We got the first tip on this from our friends at Miller Microcomputer Services, who sent us what I consider to be a perfect case study of how to read suspicious emails...in the spirit of "teach a man to fish" rather than "give a man a fish." They've given us permission to post it here, duly credited.

E-mailed MMS Client Messages are for the personal use of subscribers, and offer Windows/PC-based advice, flag money-saving opportunities at computer-chain store sales, and more. MMS consulting clients receive a courtesy subscription. Occasionally we send courtesy copies to others. Non-clients are welcome to subscribe for $25 through June 2004.

Hi, MMS Clients (and some other friends):

Today, MMS received a new flavor of an old spoof -- spam e-mail looking so official that you're likely to volunteer your personal credit information to identity thieves. We remind you NOT to click the tempting button.
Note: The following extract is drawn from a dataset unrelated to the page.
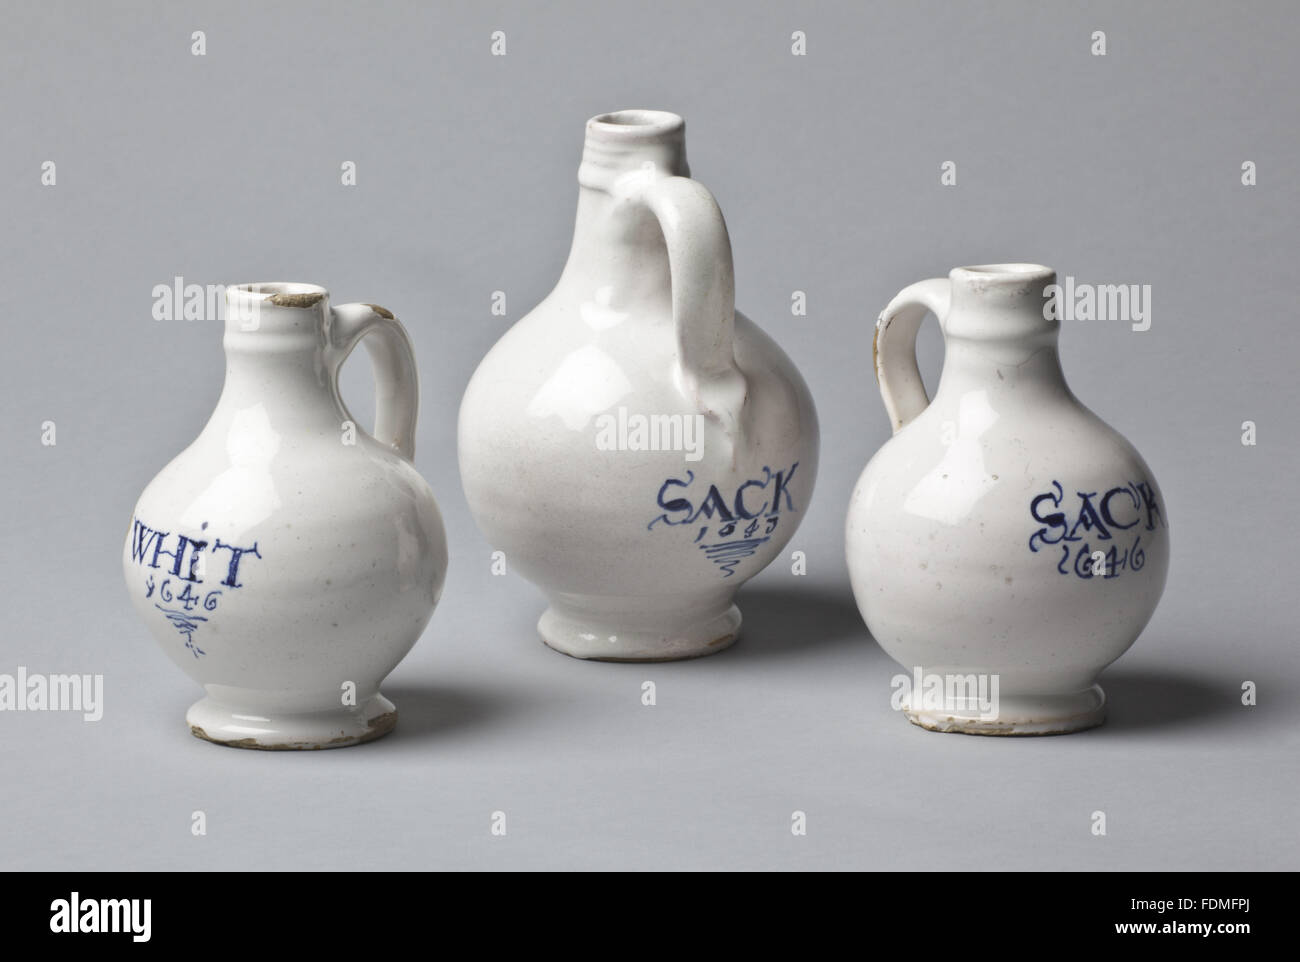 Seventeenth century sherry jugs inscribed 'SACK 1643'. A set of three English tin glazed earthenware wine bottles/jugs, with bulbous bodies and staright necks at Cotehele, Cornwall. Stock Photo

A lot of these e-mail spoofs are running around, and this particular one is nearly identical to ones from last year. It was entitled, "Important Fraud Alert from Citibank", it wasn't flagged by our junk-mail filter, and it looked quite authentic. Except for an apparently unnecessary "Part 1.2" attachment, and a doubtful header line reading "Reply-to: Fionan_Illa@rocketmail.com". When we exercised Mozilla's [Ctrl-U] function to view the message header and full source code, we saw much more trouble. The sender was using very non-Enterprise mail software, the message had arrived via a foreign address, and it included a BIG attachment but no text of the message WE were reading.

When in doubt, don't proceed! Instead, I Googled "Important Fraud Alert from Citibank" and found multiple evidences that this was a scam. Then I browsed to "citibank.com" (MY entry of a safe URL). Sure enough, the REAL CitiBank web site has an "E-mail Fraud" link at the bottom of its main page, and that link listed many variations of this fraud. But it didn't show our specific variant, so we opted to tell them about it.
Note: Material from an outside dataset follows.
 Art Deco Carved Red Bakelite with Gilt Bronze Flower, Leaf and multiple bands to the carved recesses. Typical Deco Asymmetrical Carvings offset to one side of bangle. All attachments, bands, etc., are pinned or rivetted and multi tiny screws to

You can trace our steps to learn more. Or, just stay suspicious of unsolicited "official" messages. As you already know, check before tapping any of the handy links on any message that may be bogus!
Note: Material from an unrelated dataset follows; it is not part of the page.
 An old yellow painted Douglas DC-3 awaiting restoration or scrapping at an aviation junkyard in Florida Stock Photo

This spam uses only one scam of many. Spam messages can load a virus that harms your computer, sends its data elsewhere, and more. Some spam attachments are disguised as tiny images, or buried within large ones. Some MS-Outlook/Internet Explorer users have had them auto-execute with no user intervention. That's just one of many reasons we push our clients to Mozilla, instead.

I'll echo their final advice: please use an email program that reveals the "gotchas" that can hide in email -- like attachment names, email headers, and embedded links -- and allows you to view email as plain text and in full (with all headers).

A followup to a previous posting: to use proxy auto configuration with Netscape 7.1 or Mozilla 1.4, just use the "no-ads.pac" file as distributed. You don't need to edit it to specify a proxy server. This also works with Internet Explorer, but you're not still using IE, are you?